Many Cuban American Trump voters, meanwhile, seemed to disregard the fact that Trump hired an attorney in 2008 to register the Trump trademark in Cuba, as reported by the Miami Herald. For decades, the mere mention or attempt to do business in Cuba would have buried any presidential hopeful's attempt to reach the White House.

“That was before he was president of the United States," said U.S. Army Col. Johnny De la Cruz, a top veteran of the Bay of Pigs invasion of 1961 and president of Assault Brigade 2506, the CIA-sponsored group of Cuban exiles that led the effort to overthrow the Cuban leader. "He did what any normal businessman would do."

Joseph Vitriol, a senior researcher at Stony Brook University in New York, said people who lived through autocratic regimes are more prone to hypervigilance.

"In this heightened state, they perceive reality and look for cues of the places they fled," explained Vitriol.

Supporters of President Donald Trump rally ahead of the start of a car caravan at Tropical Park in Miami on Nov. 1. Many Latino Trump supporters fear widespread election fraud may have robbed Trump of victory.
Supporters of President Donald Trump rally ahead of the start of a car caravan at Tropical Park in Miami on Nov. 1. Many Latino Trump supporters fear widespread election fraud may have robbed Trump of victory.

Vitriol, a political psychologist who specializes in conspiracy theories and false news, said the greater risk is misinformation over time. "It's a drip, drip, drip undermining institutions."

Socialism undertones are also playing out as a GOP strategy across all voting blocs, including the Senate runoff race in Georgia. Recently, a video resurfaced of Castro speaking at a church in New York during his 1995 trip to the United States. Georgia Democratic Senate candidate Raphael Warnock worked as the church's youth pastor at the time.

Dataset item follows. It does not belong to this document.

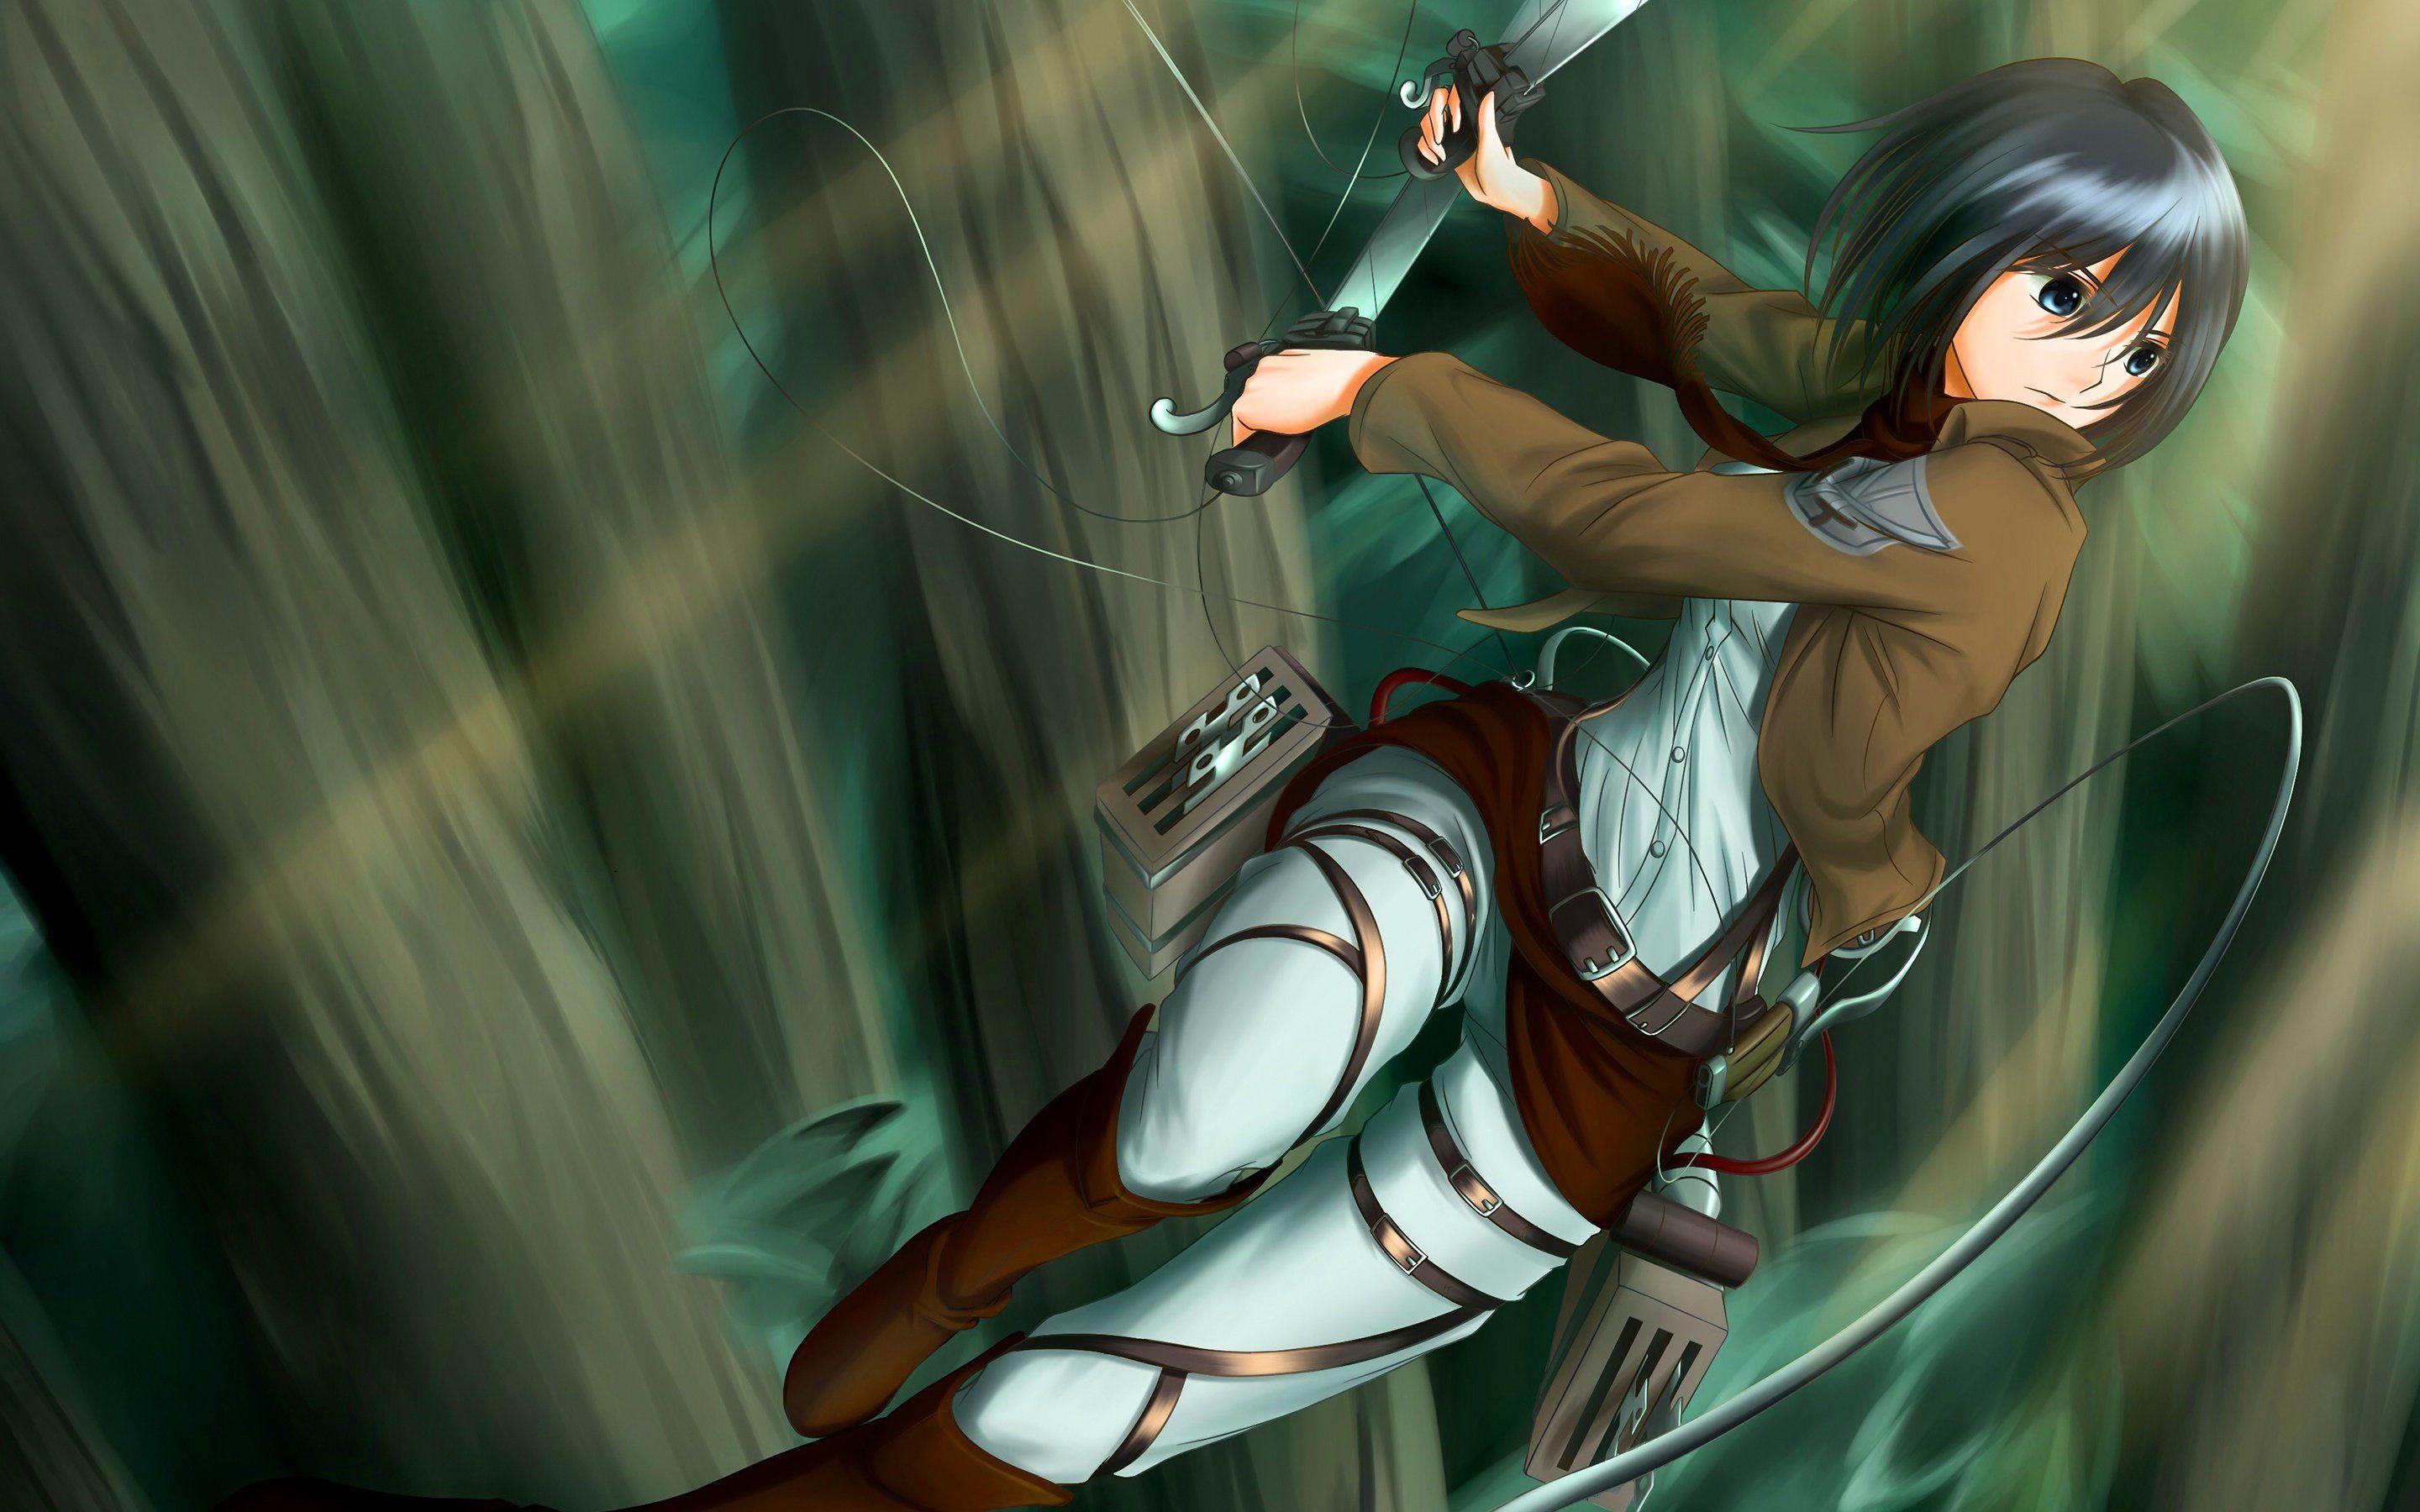 3. "Mikasa Ackerman" from the anime "Attack on Titan" - wide 7

In Miami, public support for the GOP shows no sign of calming down. On Wednesday, the Facebook group Cubans 4 Trump is calling for a "night of prayer for the nation."

Some Trump loyalists, however, have started to call for a smooth democratic transition – whether the president concedes or not.

William Villar, a Cuban American Trump voter who came to the United States at age 5, said he would back the election results as "a dutiful American," saying, "I'm not a Trump-lican, I am a Republican."

Villar, a 26-year-old Navy veteran and Miami resident, said "whoever wants to follow Trump after fraud allegations are dismissed and proper investigations are conducted, want to follow a dictator like Chavez or Fidel."

"You can't stay in power just because you got elected," he said. "That's a dictatorship, not a democracy."